本発明は、筆記方向を視認することができるペン先を有する筆記具に関し、更に詳しくは、筆記具本体からのインクを誘導する際のインク流出量を安定化させることができるペン先を有する筆記具に関する。
従来、ペイントマーカー、アンダーラインマーカー等と称される筆記具のペン先は、幅広のペン芯を備えることにより幅広の線引きを可能にしたものであって、マーキングの視認性や作業性に優れているため幅広く使用されている。
ラインマーカー等の筆記具におけるペン先は、一般に合成樹脂繊維等を棒状等に集束したものや、高分子の焼結体などの多孔質部材に毛細管作用を付与し、これにより筆記具本体となる軸体から供給されるインクをペン先に導出することにより筆記可能としたものである。

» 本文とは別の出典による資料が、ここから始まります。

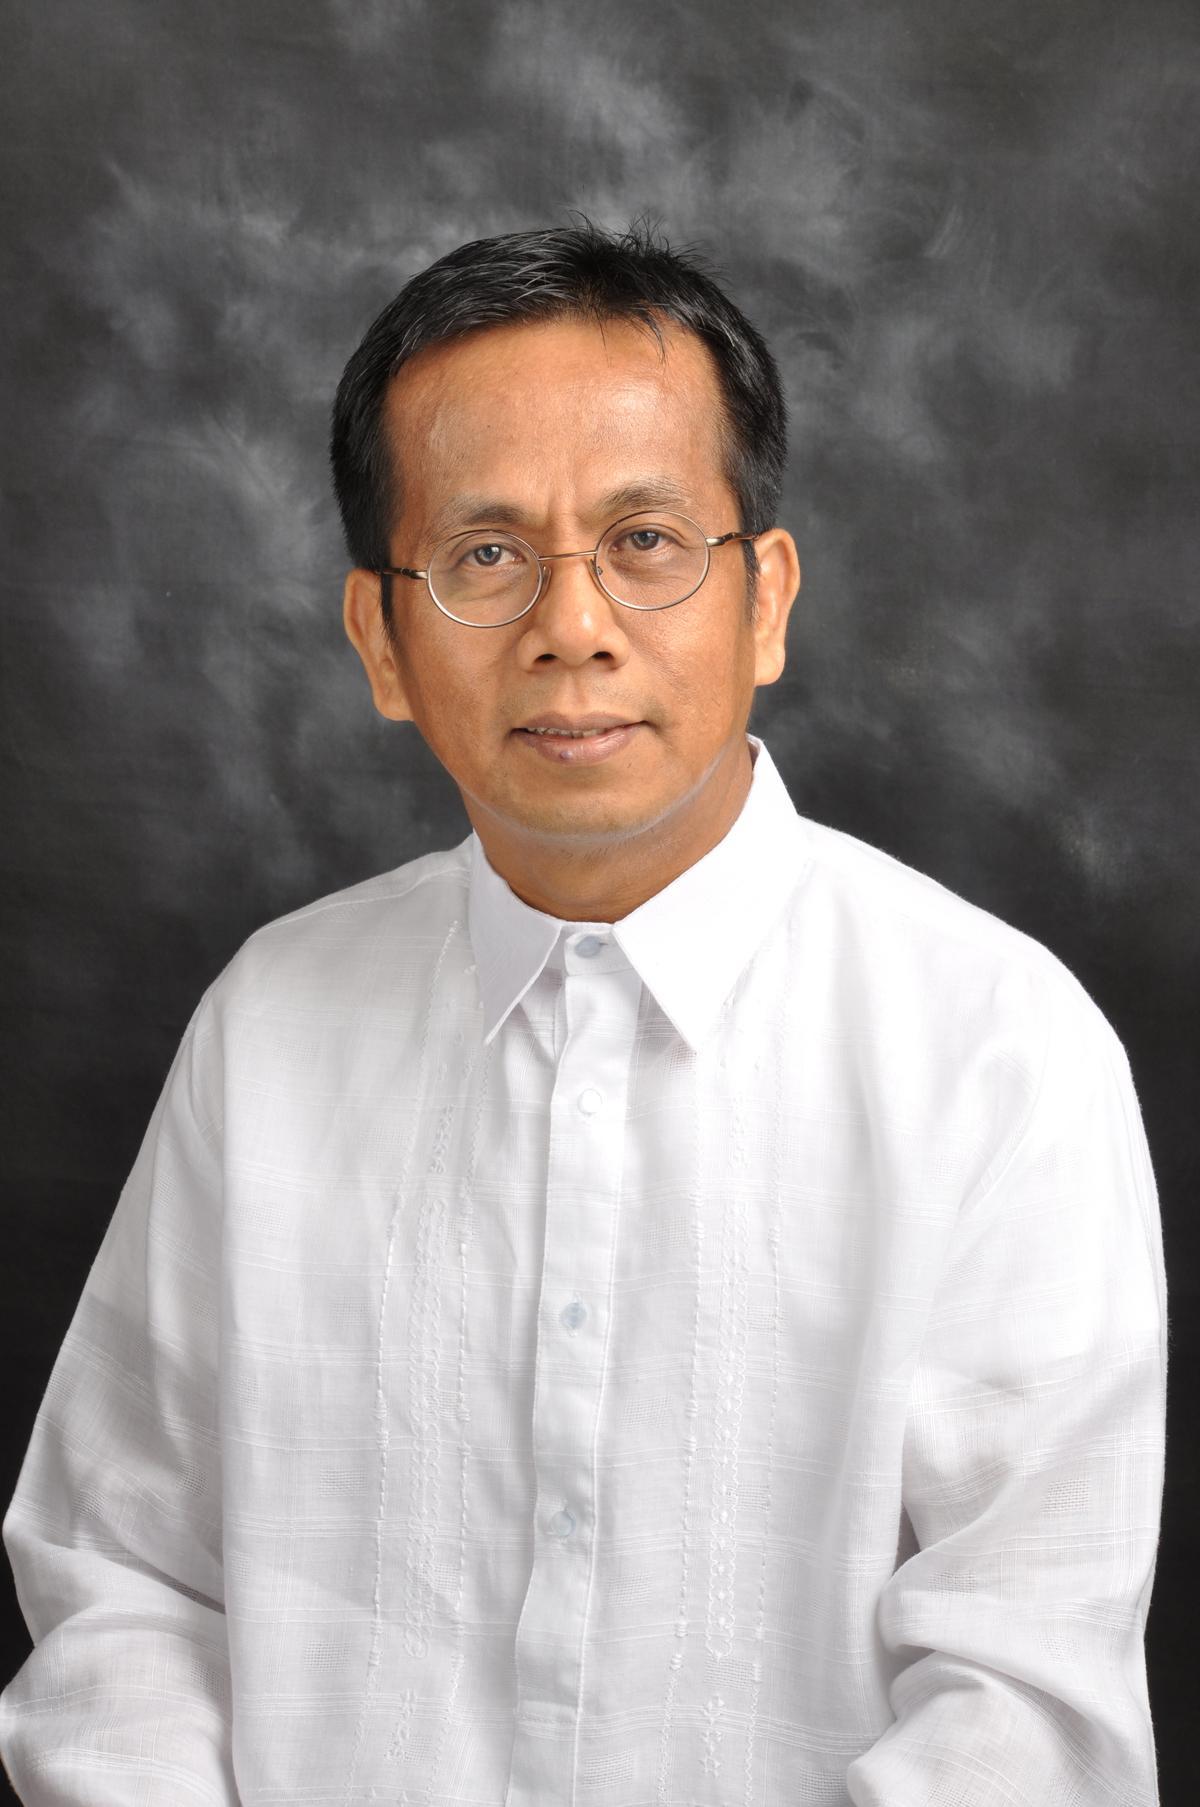 Arsenio Balisacan Mnoa Economics alumnus named top economist in the

また、蛍光インクを筆記具本体となる軸体内に収容した筆記具の普及にともない、幅広の線引きを可能とした多くの構造、形状のペン先を用いた筆記具が市販されたことにより、使用者の用途に応じた筆記具の広い選択が可能となり、その作業性も快適なものとなっている。
本出願人は、筆記具本体となる軸体内のインク吸蔵体(中綿)から供給されるインクを誘導し、かつ保留できるペン先を有する筆記具において、ペン先に、筆記方向を視認できる視認部(可視部)を備えた筆記具を開示している(例えば、特許文献1参照)。

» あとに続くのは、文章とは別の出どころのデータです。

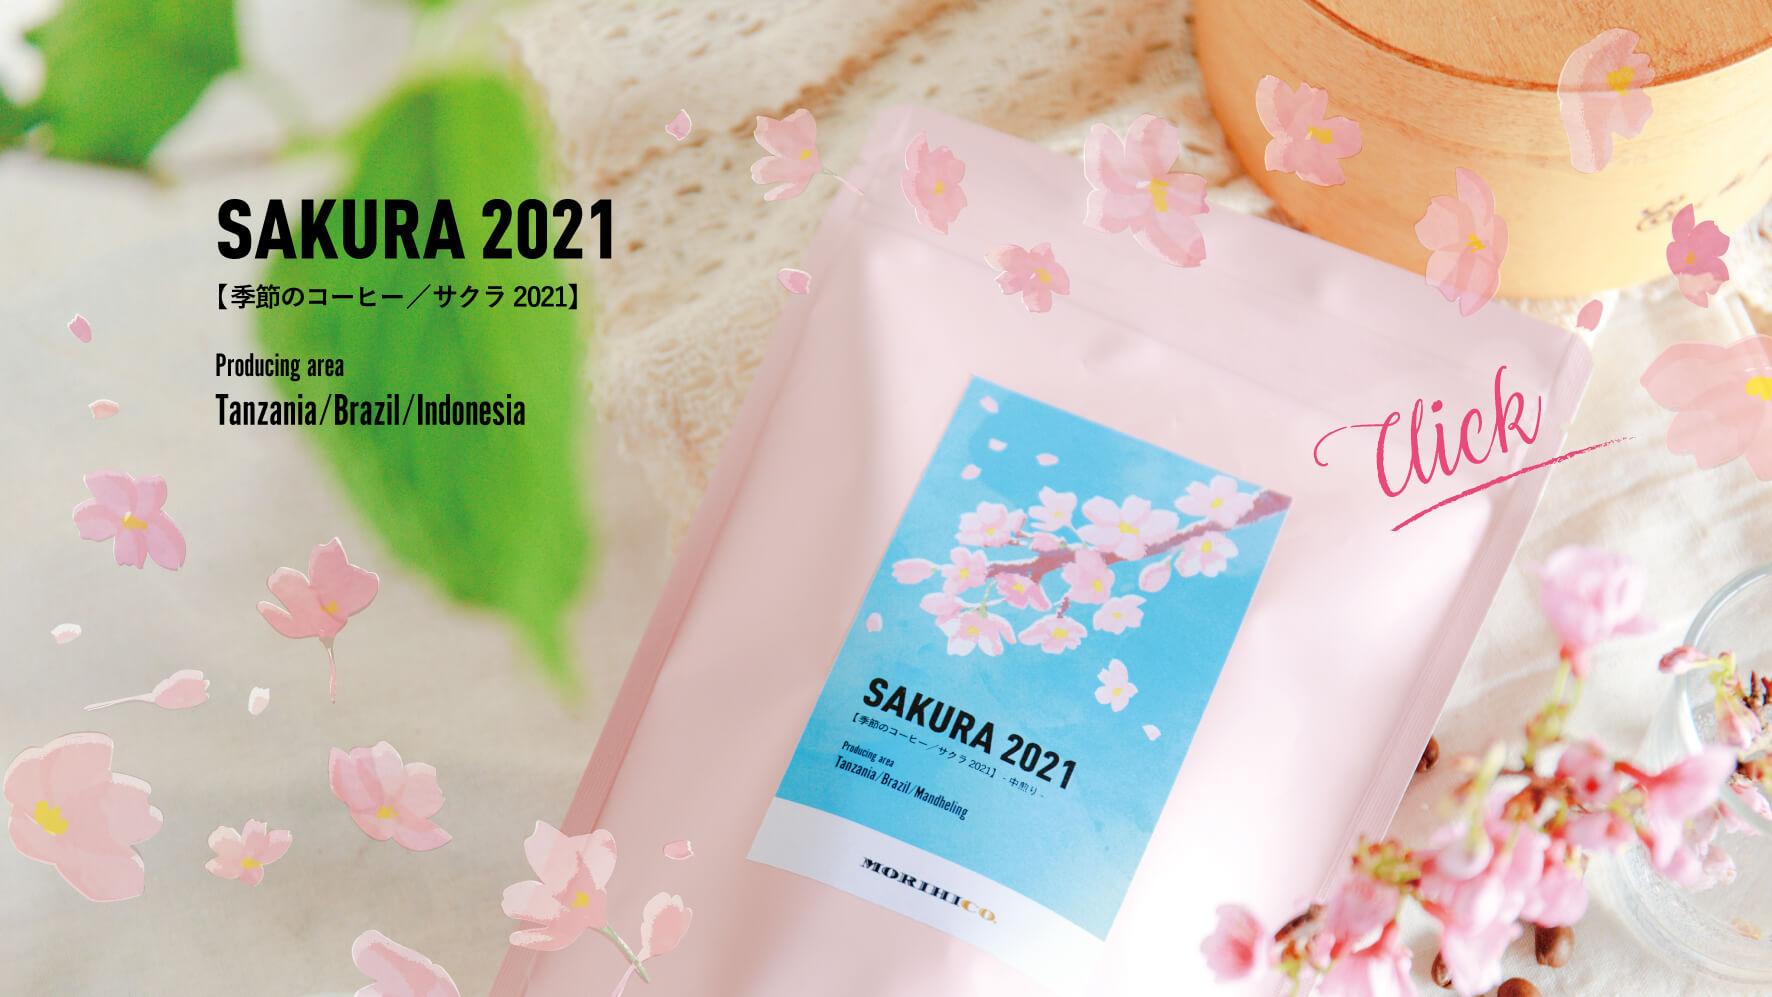 季節のコーヒーサクラ2021

このタイプの筆記具のペン先は、筆記部を視認することができるため、引き終わりの止めたい部分でピタッと止めることができ、引きすぎや、はみ出しを防ぐことができるものである。このペン先の具体的な構成は、インクを誘導するインク誘導部と筆記部からなる焼結芯と、該焼結芯を保持する保持体、及び焼結芯と保持体とを固定する接着剤とから構成されている。
しかしながら、上記特許文献1におけるペン先は、インク誘導部と筆記部とが一体となった形状であり、その材質はポリエチレンなどの熱可塑性樹脂粒子を焼結した焼結体が使われているが、その形状が複雑であるため、保持体の長さ分、インク吸蔵体からのインク誘導が必要で有り、また、インク流路が蛇行しているため、気孔率に対してインク流出性が若干低いという課題がある。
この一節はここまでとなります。